Introduction

This blog records my journey of solving LeetCode problems from scratch, focusing not only on coding solutions but also on the logic and basic algorithms behind them. Instead of covering every problem, I'll highlight those that are conceptually elegant or reveal interesting algorithmic ideas. Each case follows a concise three-part structure: Core Idea, Code, and Algorithm Insights & Extensions.

Case 1 – Greatest Common Divisor of Strings (LeetCode #1071)

1. Core Idea:

This problem draws inspiration from number theory.
If two strings can be concatenated in both orders (str1 + str2 == str2 + str1), it means they share a repeating pattern.
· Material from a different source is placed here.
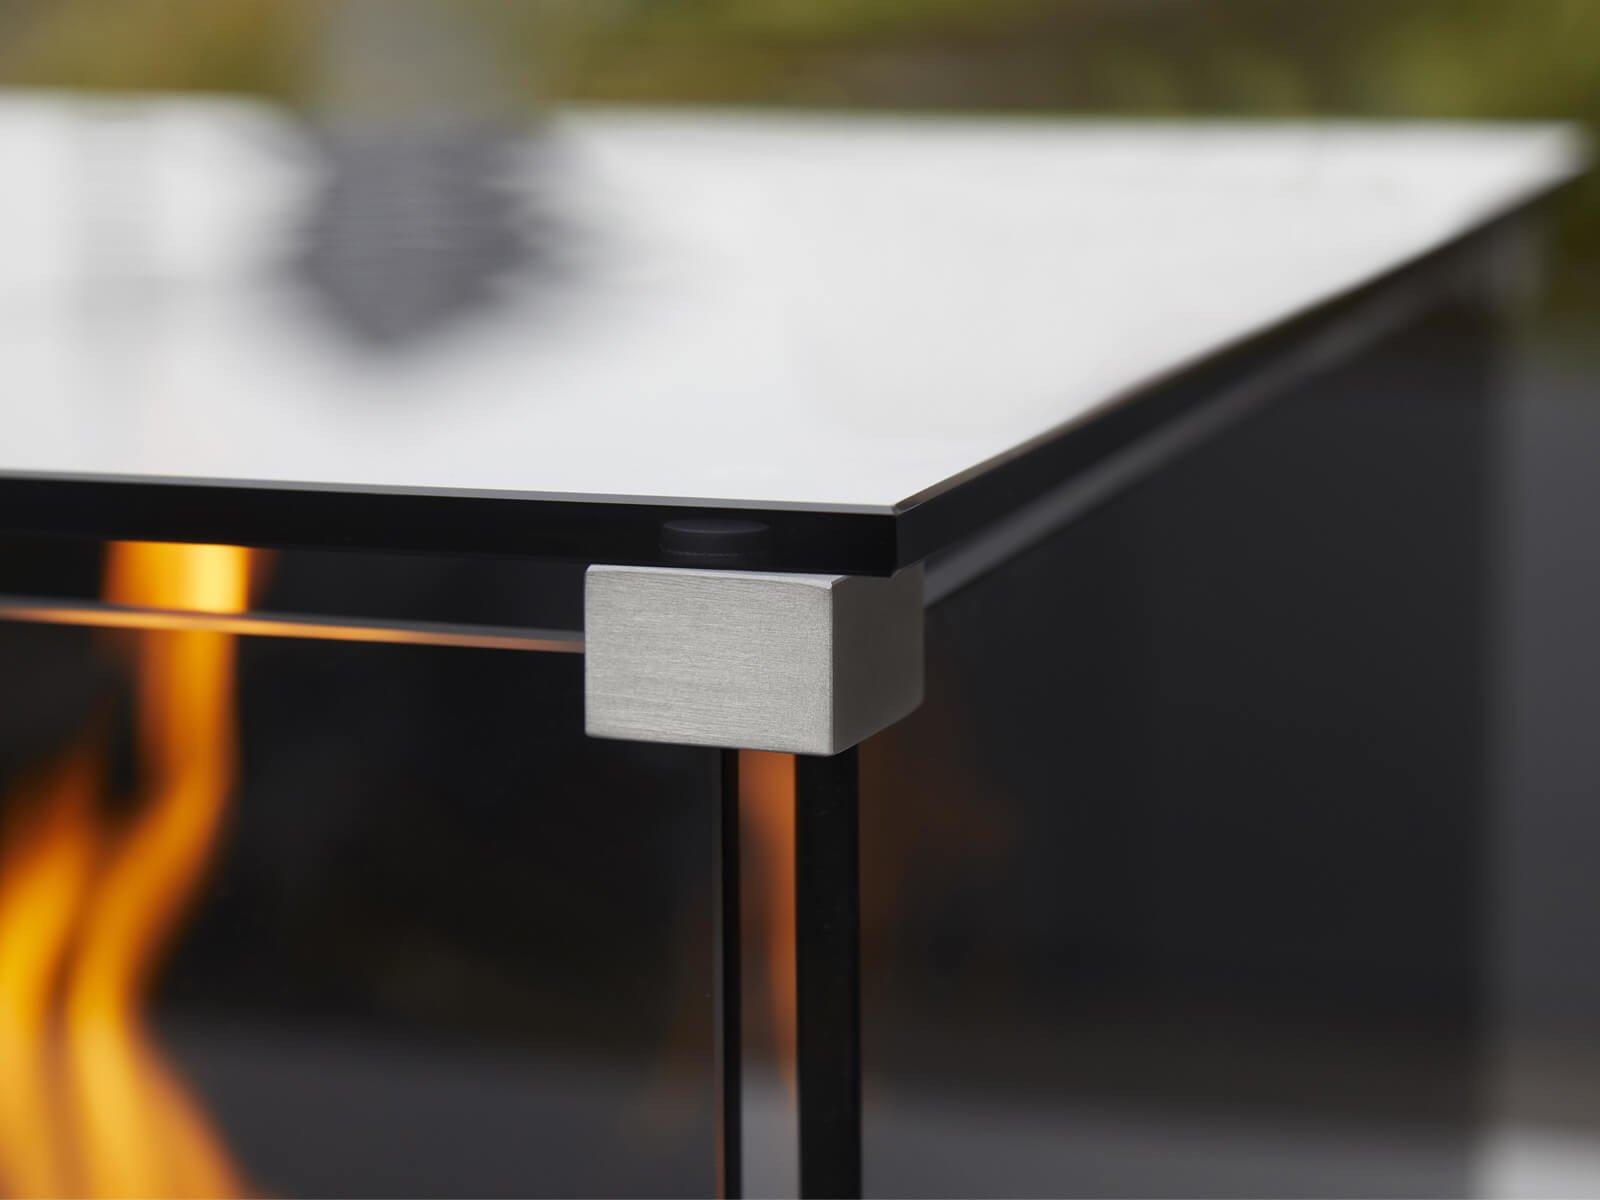 feuersäule-mit-glasplatte-zur-wärmeabstrahlung

The length of that pattern corresponds to the greatest common divisor (gcd(a, b) = gcd(b, a % b)) of their lengths. Otherwise, there's no common base substring, and we return an empty string.

2. Code:

class Solution(object):
    def gcdOfStrings(self, str1, str2):
        if str1 + str2 != str2 + str1:
            return ""
        if len(str1) == len(str2):
            return str1
        if len(str1) > len(str2):
            return self.gcdOfStrings(str1[len(str2):], str2)
        return self.gcdOfStrings(str1, str2[len(str1):])

3. Algorithm

• Euclidean Algorithm Analogy — gcd(a, b) = gcd(b, a % b)
  The recursion mimics the Euclidean algorithm for finding the GCD of two integers:
  repeatedly subtract (or in this case, slice) the shorter component from the longer until equality is reached.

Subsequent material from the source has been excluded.